Typical functionalisation of (azidomethyl)polystyrene with crown ethers: preparation of polystyrene resin 20a. Alkyne 10a (0.14 g, 0.421 mmol), DIPEA 99.5% (0.384 mL, 2.202 mmol) and copper(I) iodide (0.0043 g, 0.02 mmol) were added to a suspension of 0.22 g (azidomethyl)polystyrene 18 (f = 0.77 mmol g⁻¹) in 1 : 1 DMF/THF (2 mL) and the mixture was stirred at 40 °C for 5 days. The reaction mixture was monitored and once the IR-signal of the azido group had completely disappeared, the resin was collected by filtration and sequentially washed with water (60 mL), THF (60 mL), MeOH (120 mL) and THF (60 mL). The solid was dried in vacuo for 24 hours at 40 °C to afford 0.185 g of 10a with a functionalisation f = 0.597 mmol g⁻¹. Elemental analysis: C, 79.96; H, 7.65; N, 2.51%. FTIR ν_max/cm⁻¹ 3059, 3025, 2919, 2850, 1945, 1719, 1601, 1493, 1451, 1350, 1115, 1068, 903, 754, 693. ¹H NMR (500 MHz, CD₂Cl₂) δ_H 7.46 (H, triazole), 7.11 (s, br, polymer backbone), 6.64 (s, br, polymer backbone), 5.37, 4.63 (2H, s br) 3.74 (2H, m, CH₂ –CH₂–N₃), 3.65 (s, –(O–CH₂–CH₂–O)–), 1.86 (s, polymer backbone), 1.52 (s, polymer backbone) ppm. ¹³C NMR (126 MHz, CD₂Cl₂) δ_C 145.73, 128.58, 128.2, 126.26, 123.1 (CH triazole), 111.30, 78.67, 71.09, 70.97, 70.06, 68.31, 65.28, 40.92 ppm.

Typical functionalisation of azido-polystyrene–polyethyleneglycol with crown ethers: preparation of polystyrene–polyethyleneglycol resin 21a. Alkyne 10a (0.037 g, 0.113 mmol) dissolved in 1 : 1 DMF/THF (3 mL), DIPEA 99.5% (0.17 mL, 0.975 mmol) and copper(I) iodide (0.0015 g, 0.0075 mmol) were added to a suspension of 0.3 g of azido-terminated polystyrene–polyethyleneglycol 19 (f = 0.25 mmol g⁻¹) in 1 : 1 DMF/THF (3 mL) at 40 °C and the mixture was shaken for 24 hours. The reaction mixture was monitored and once the IR signal of the azido group had completely disappeared, the resin was collected by filtration and sequentially washed with water (180 mL), MeOH (160 mL) and THF (160 mL). The solid was dried in vacuo for 24 hours at 40 °C to afford 0.203 g of 21a with f = 0.252 mmol g⁻¹. Elemental analysis: C, 62.61; H, 8.74; N, 1.06%; FTIR ν_max/cm⁻¹ 2865, 1638, 1602, 1492, 1453, 1348, 1296, 1249, 1093, 946, 845, 761, 701; ¹H NMR (500 MHz, CD₂Cl₂) δ_H 7.79 (1H, s, triazole), 7.04 (s, br, polymer backbone), 6.57 (s, br, polymer backbone), 4.60 (2H, s), 4.52 (2H, s), 3.86, 3.72, 3.59, 3.45, 2.09, 1.73 (s, br, polymer backbone). ¹³C NMR (126 MHz, CD₂Cl₂) δ_C 145.3128.5, 110.2, 85.3, 71.9, 70.8, 70.5, 69.7, 50.5, 40.9.

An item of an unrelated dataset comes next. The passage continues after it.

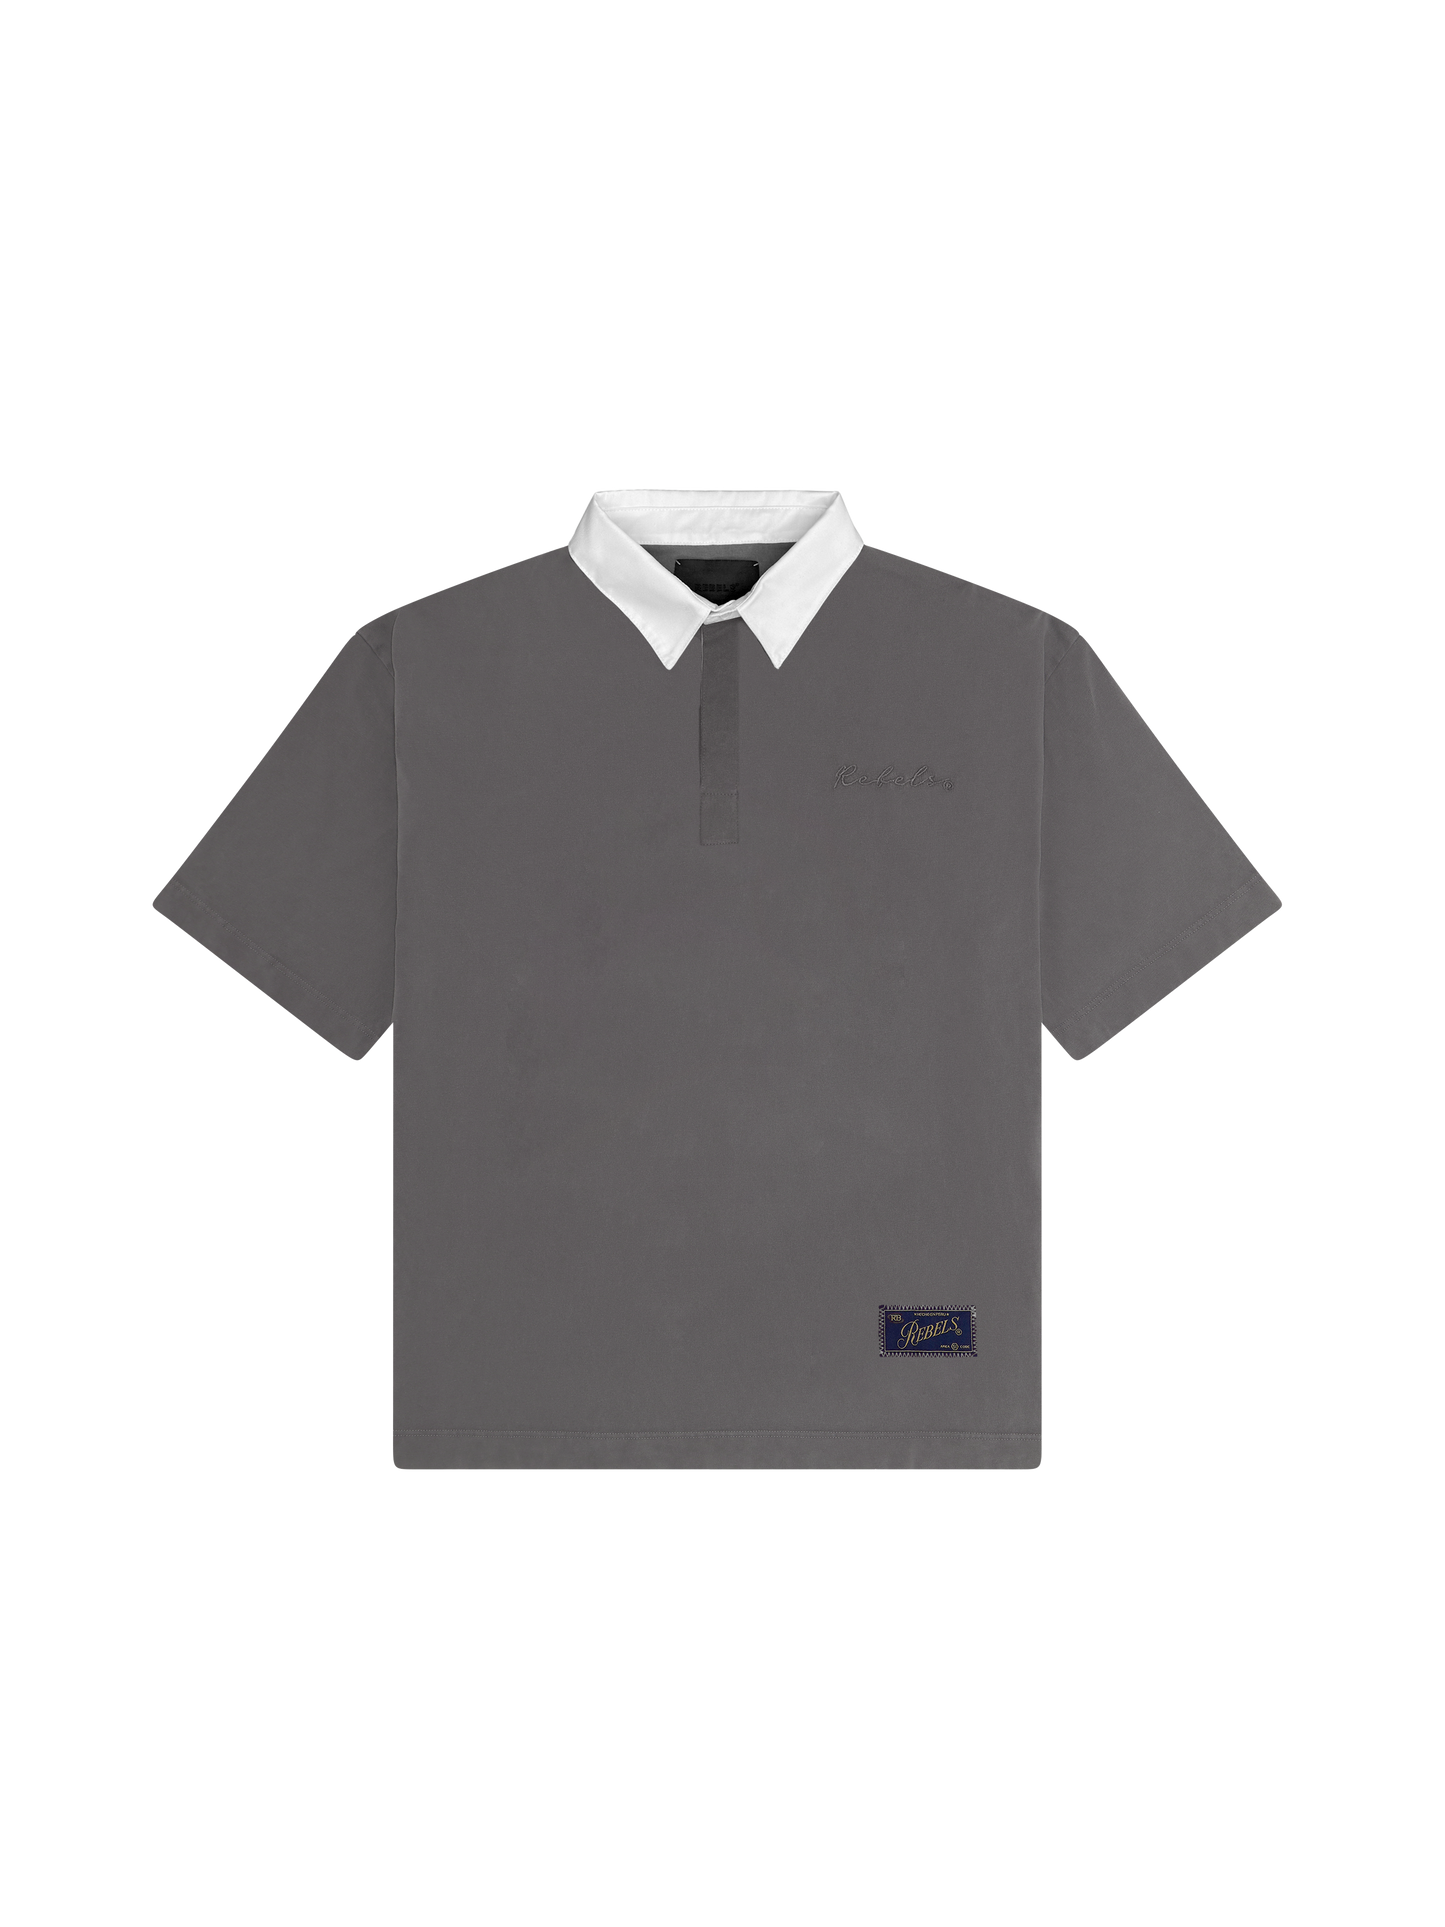 Heavy polo shirt - washed grey

Metal extraction experiments using functionalised MNPs and resins

General procedure for the Pb²⁺ extraction from acetonitrile solutions with nanoparticles. An exactly measured aliquot (5 mL) of a solution of Pb(ClO₄)₂ (of around 83 ppm) was added to a closed vial containing an equimolar amount of functional MNPs. The samples were sonicated for at least 15 min to achieve the dispersion of the nanoparticles and the vials were shaken on a horizontal shaker for specified periods of time. The nanoparticles were then magnetically decanted with the help of an external magnet. The supernatant was transferred via cannula to a Schlenk flask, the solvent was evaporated under vacuum and the residue was dissolved in an exactly measured volume of 1% v/v HNO₃. The concentration of lead in the supernatant was determined by FAAS.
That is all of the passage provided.